Cuca foi tão importante para mudar a trajetória do Atlético quanto o Atlético foi determinante para que Cuca reescrevesse sua história como treinador

postado em 22/07/2016 12:00 / atualizado em 22/07/2016 08:06

Alexandre Guzanshe/EM/D.A Press
Nem todo mundo tem a sorte de viver um amor à primeira vista. Mas é amor mesmo, nada de paixão, atração física ou afinidade. O amor na acepção da palavra, construído com altas doses de parceria, confiança e respeito, imune às intempéries da vida e que, mesmo quando acaba, deixa uma lembrança boa, daquelas que arrancam um sorriso de canto de boca quando você se lembra da pessoa ou de algo vivido ao lado dela. Com Cuca e Atlético, definitivamente, não foi amor à primeira vista. A relação custou a engrenar, os dois viveram momentos bem conturbados e a separação, por vezes, foi ventilada. Mas justamente aí está a prova de que houve (e ainda há) amor: eles superaram cada adversidade e subiram juntos, degrau por degrau, até o topo. E não foi qualquer topo. Foi o topo da América.
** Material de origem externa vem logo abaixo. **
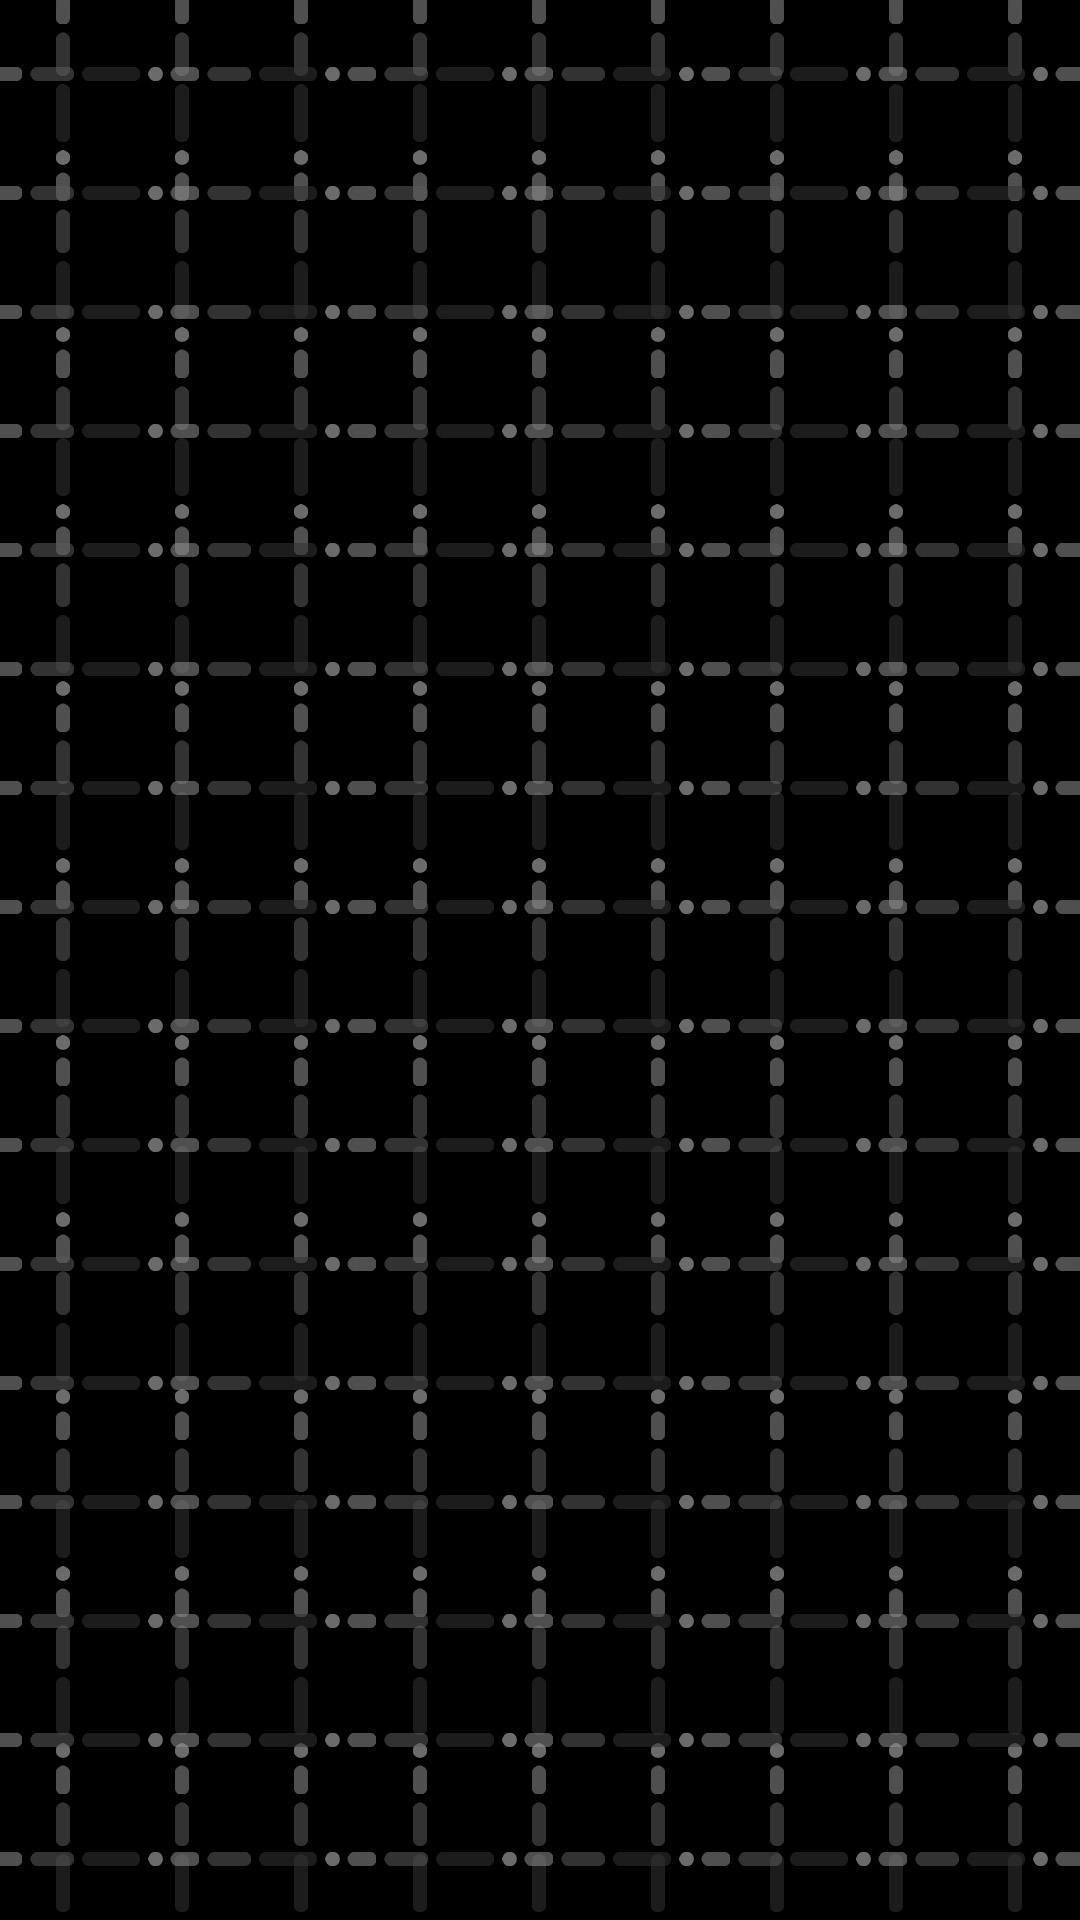 black grid wallpaper full hd for mobile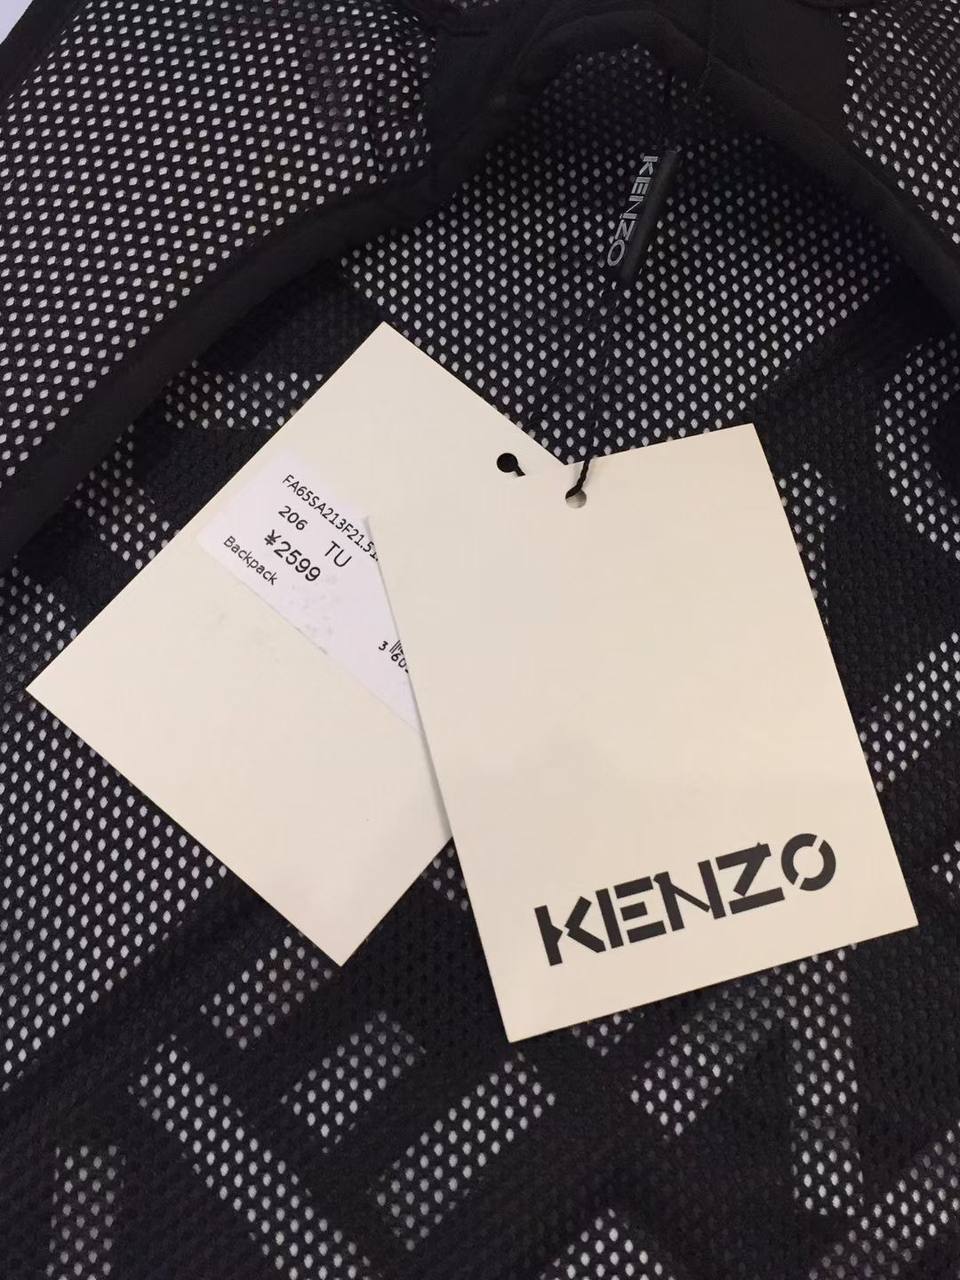 KENZO Black Backpack

Desde então, Cuca é aquele cara que desperta o tal sorriso no atleticano. E o reencontro entre eles no domingo, exatos 946 dias depois do adeus, é resultado de uma conjunção astral quase perfeita. Quis o destino que o Galo e o treinador voltassem a ficar frente a frente logo em um 24 de julho, data eternizada no calendário alvinegro como o da mais épica conquista de sua história. Faltou apenas que esse Atlético x Palmeiras fosse no Mineirão.

É de se esperar um encontro emotivo, até pela personalidade de Cuca, embora o time que foi campeão continental com ele seja, hoje, mera foto na parede – da equipe atleticana que entrará em campo no Allianz Parque, estiveram na final da Libertadores de três anos atrás apenas o goleiro Victor e o zagueiro Leonardo Silva. Inclusive o jeito do Galo de atuar sofreu mutação: nos cinco meses em que foi comandada pelo uruguaio Diego Aguirre nesta temporada, a equipe adotou postura mais defensiva, diferentemente do que pregava tanto Cuca quanto Levir Culpi, seu sucessor. Estilo que Marcelo Oliveira tenta, aos poucos resgatar, já que também é adepto de um futebol mais ofensivo.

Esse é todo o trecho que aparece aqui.